In 1912 we sent U.S. Marines to occupy Nicaragua to put down a rebellion. We occupied this area until 1933 with the exception of a short period in the mid-1920s. Finally, the Nicaraguan government gave in to U.S. pressure to create a combined army and police force, which became the vehicle by which Anastasio Somoza Garcia was to form the family dictatorship that brutalized Nicaragua for more than four decades. The support for this regime came from the Nicaraguan National Guard and the United States.

One of the principles of the American Revolution was the building of a government on the consent of the governed. Yet we seem to forget that this principle should be respected for our neighbors. If they fail to choose the path we feel they should, we create our own brand of fear. We have a blind spot that sees communism as the enemy, when the real problem is poverty, confiscation of land and exploitation of the people.

Elliot Abrams, as a member of the State Department, should know better, but he exhibits a paranoid fear that Nicaragua will be a threat to us. This tiny poverty-stricken country is a danger to our country? This is paranoid fear--the stuff of which wars are made.

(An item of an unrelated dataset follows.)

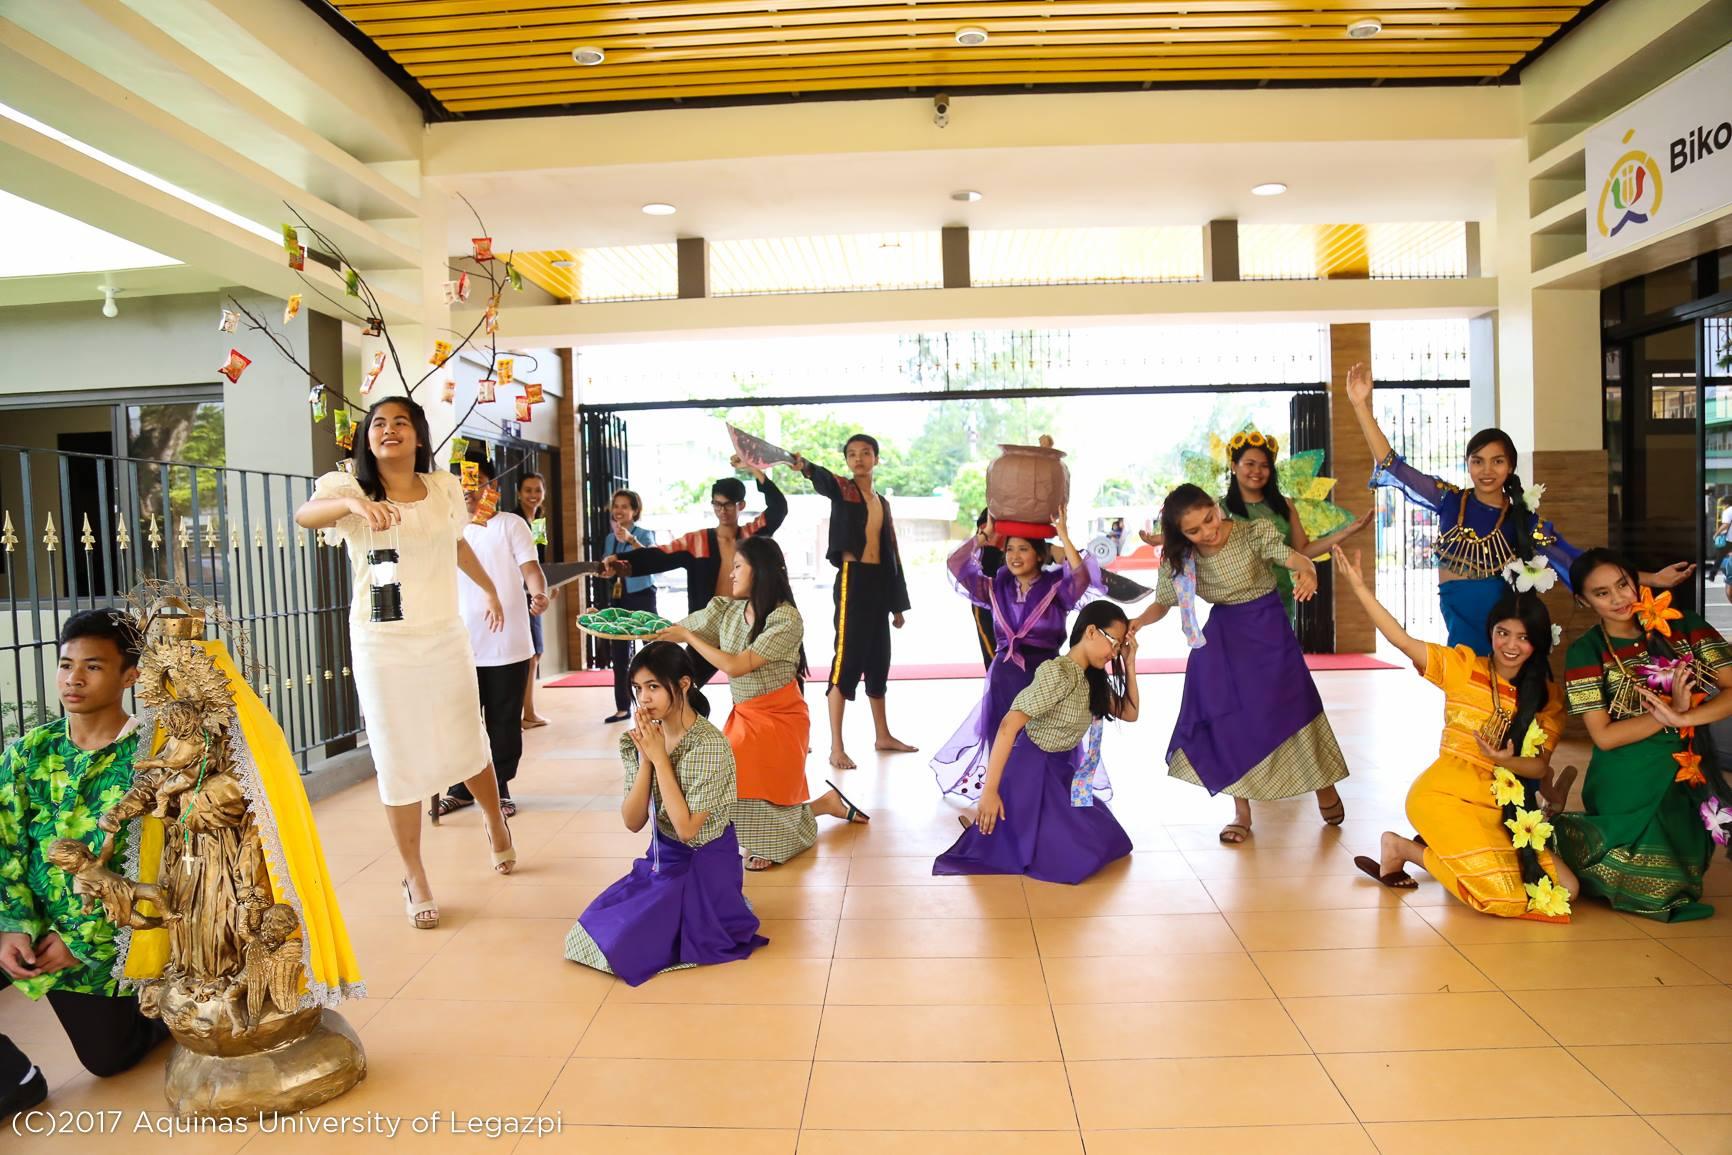 Blessing of the Bikol Studies Center

With the Sandinistas fearing that we intend to bring down their government, and our fearing that with Cuba's and Russia's assistance we are in danger from this small country, the only sane solution remains for the Administration to back away and call off its "dirty little war" and let the Contadora nations who are part of the area, who understand their problems better than we possibly could, try to untangle the whole mess before it is too late. Yes, "Contadora Can Work," but the "if" is monumental.